What we Report
Firebrigade uses Tinderbox to run tests and submit the results back to Firebrigade. (If you'd like, you can run your own Tinderbox.) Each Tinderbox reports on the test status of the newest gems it can find in the RubyForge gem repository. Tinderbox ignores gems it can't install, such as gems that are compiled for only one platform.
After installing a gem Tinderbox tries three different ways of running a gem's tests:
- If a Rakefile is present, run rake test
- If a Rakefile is present and rake -T contains "rake spec", run rake spec
- If a Makefile is present, run make test
- If a test/ directory is present, run ruby -Ilib -S testrb test
- If a spec/ directory is present, run spec spec/*
Tinderbox makes a best effort at testing gems and won't stop until it comes across something that looks like test output. For example, if a project has a Rakefile that is missing a dependency like rcov, but the tests can also be run via testrb, Tinderbox will continue past the Rakefile error to run testrb.
Tinderbox only waits so long for a gem to install and run its tests. (All dependent gems are downloaded and cached in advance, so download time is not counted against the gem.) If a gem takes too long to run (120 seconds by default), the gem is marked as failed.
After running the tests, Tinderbox then looks in the test results for a test/unit summary like this:
137 tests, 551 assertions, 0 failures, 0 errors
or an RSpec summary like this:
5 specifications, 0 failures
Either of the above summaries would indicate a passing gem.

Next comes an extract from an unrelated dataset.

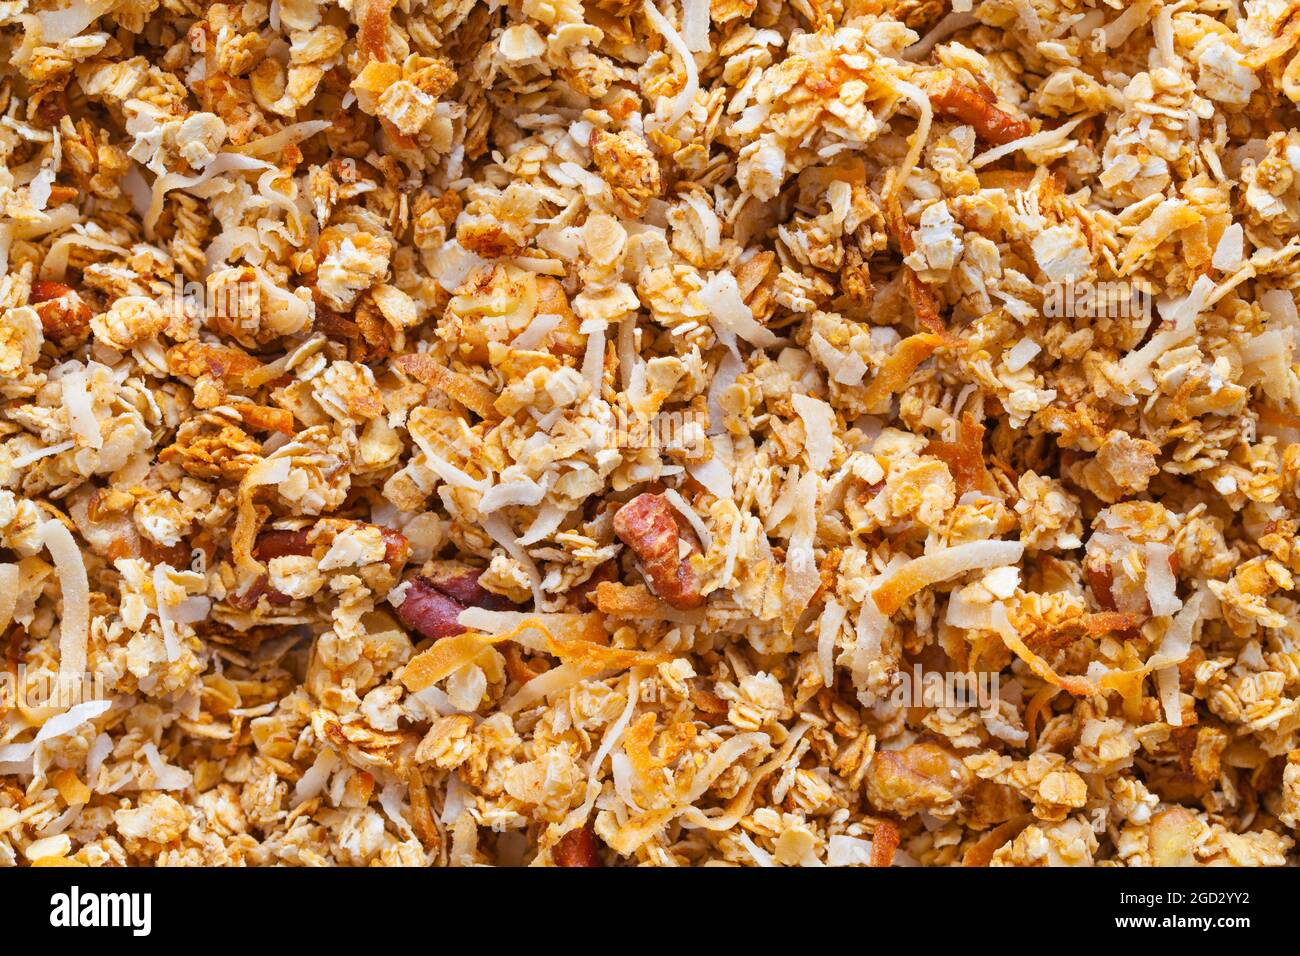 Pile of Homemade Granola Cereal Background Texture. Stock Photo
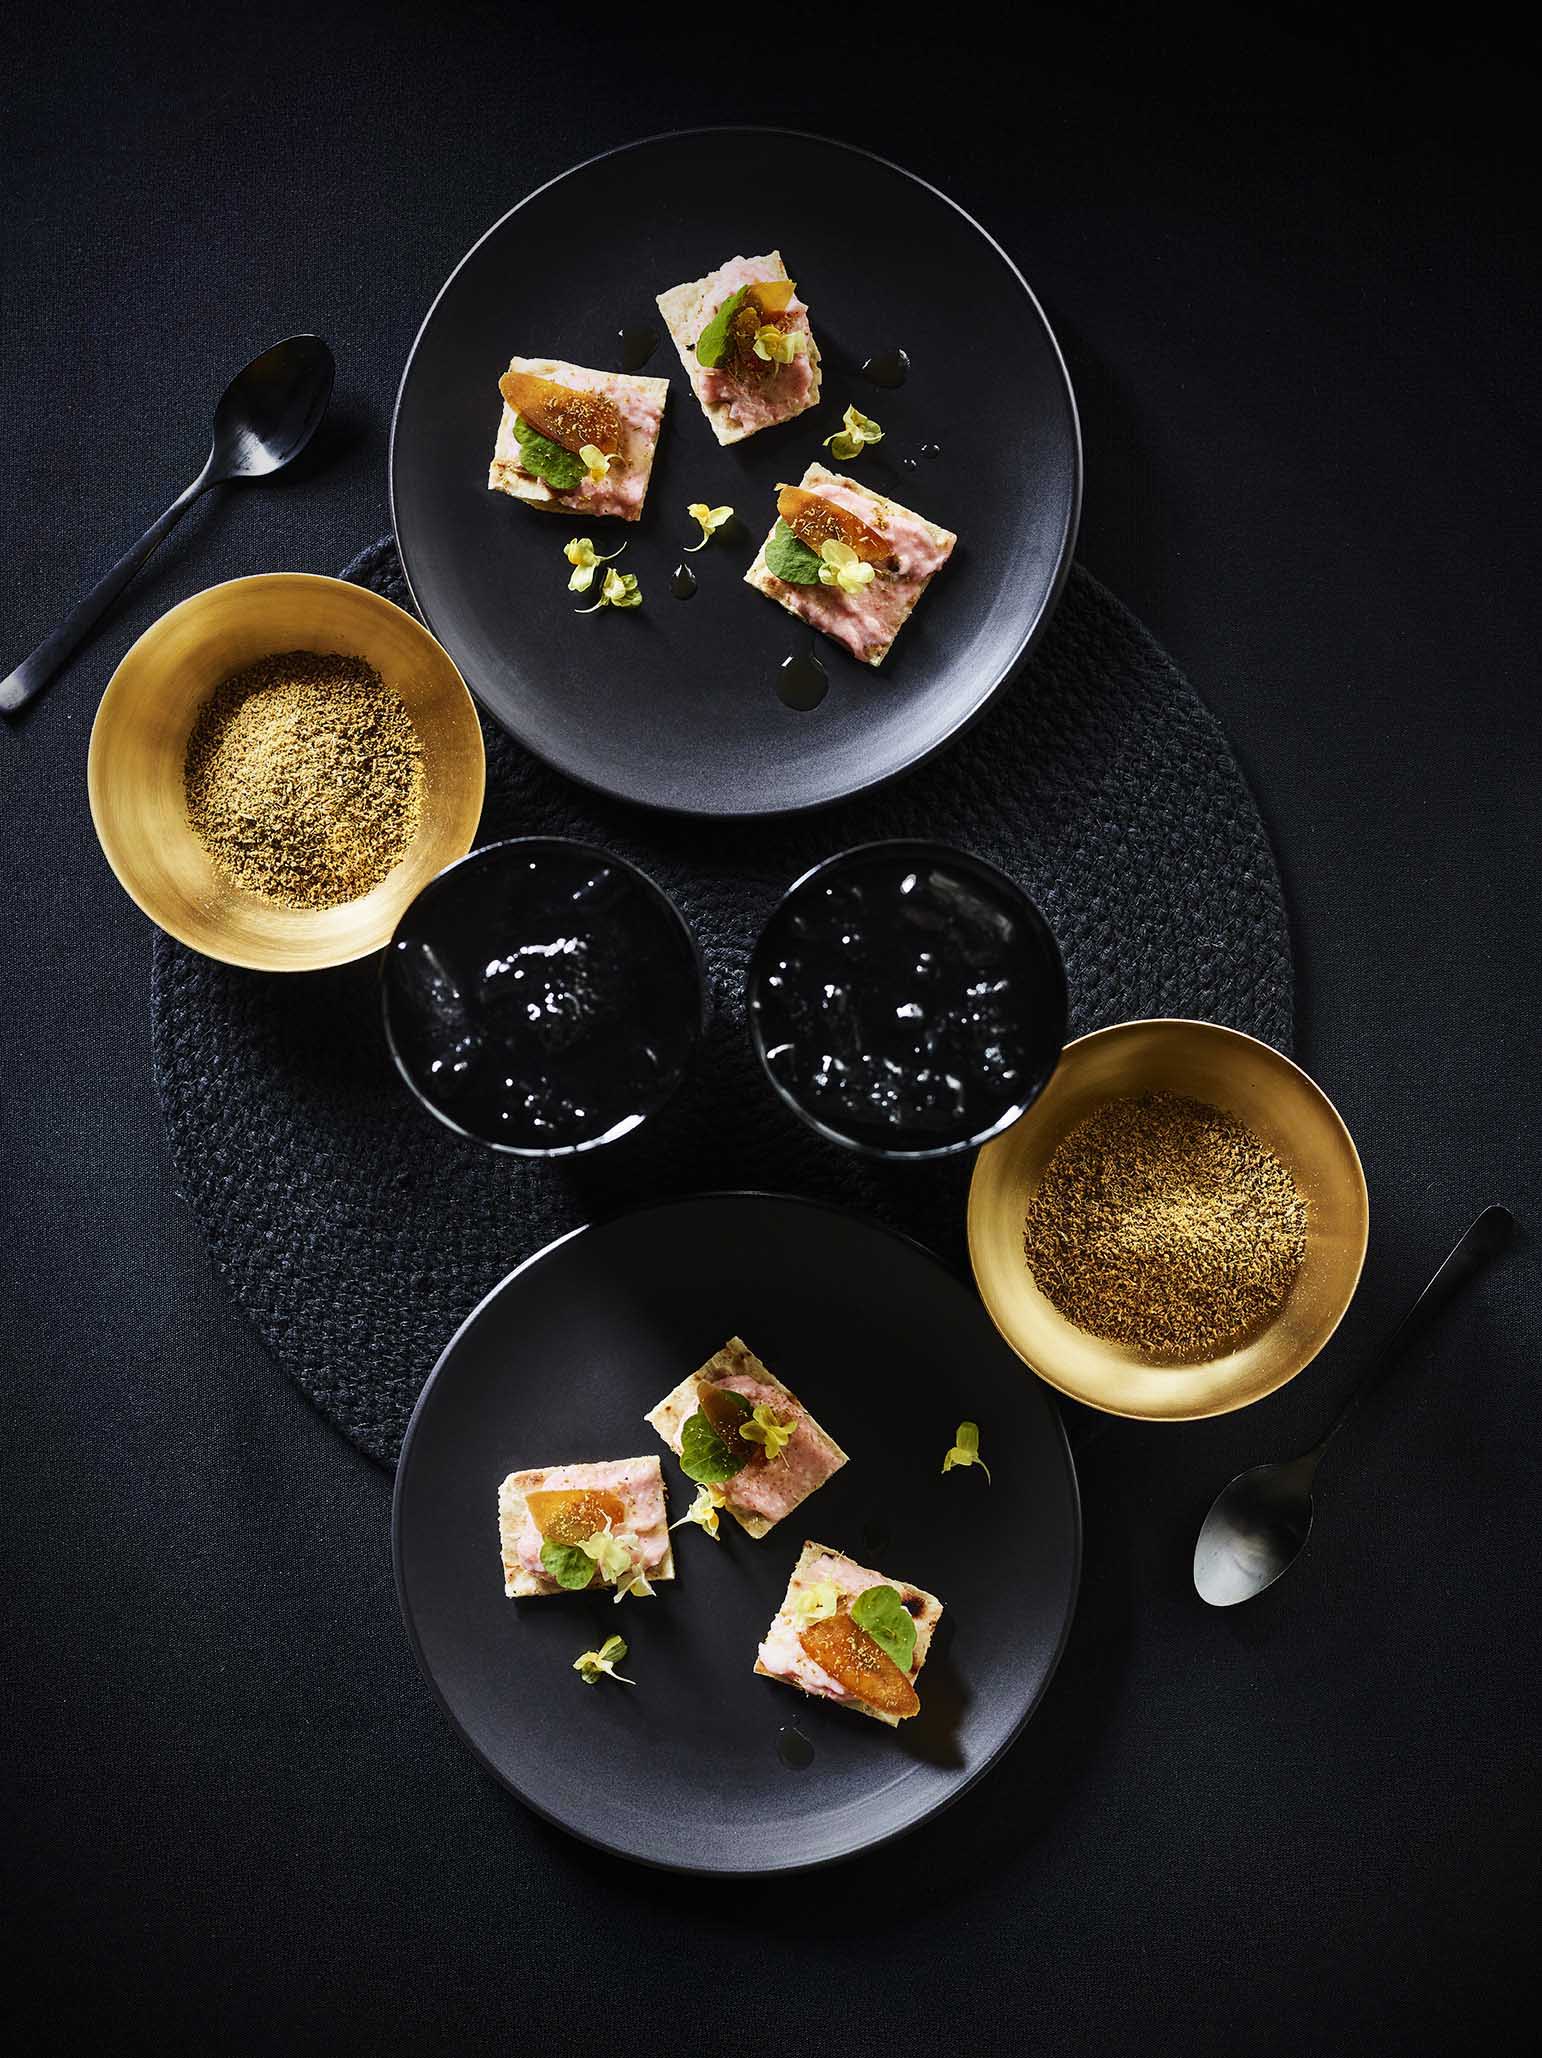 Gastronomy's hand made canapes presented on stylish black plates on table top

If the gem has either failures or errors the gem will be marked as failed. If the gem didn't run any tests, ("0 tests, 0 assertions, 0 failures, 0 errors" or "0 specifications, 0 failures") it is marked as failed.
Tinderbox also reports gems that appear to depend on Rake (have a Rakefile) or RSpec (have a spec/ directory) but don't list Rake or RSpec as a dependecy. Tinderbox is nice and goes ahead and installs these gems for the gem author if they've neglected to list it.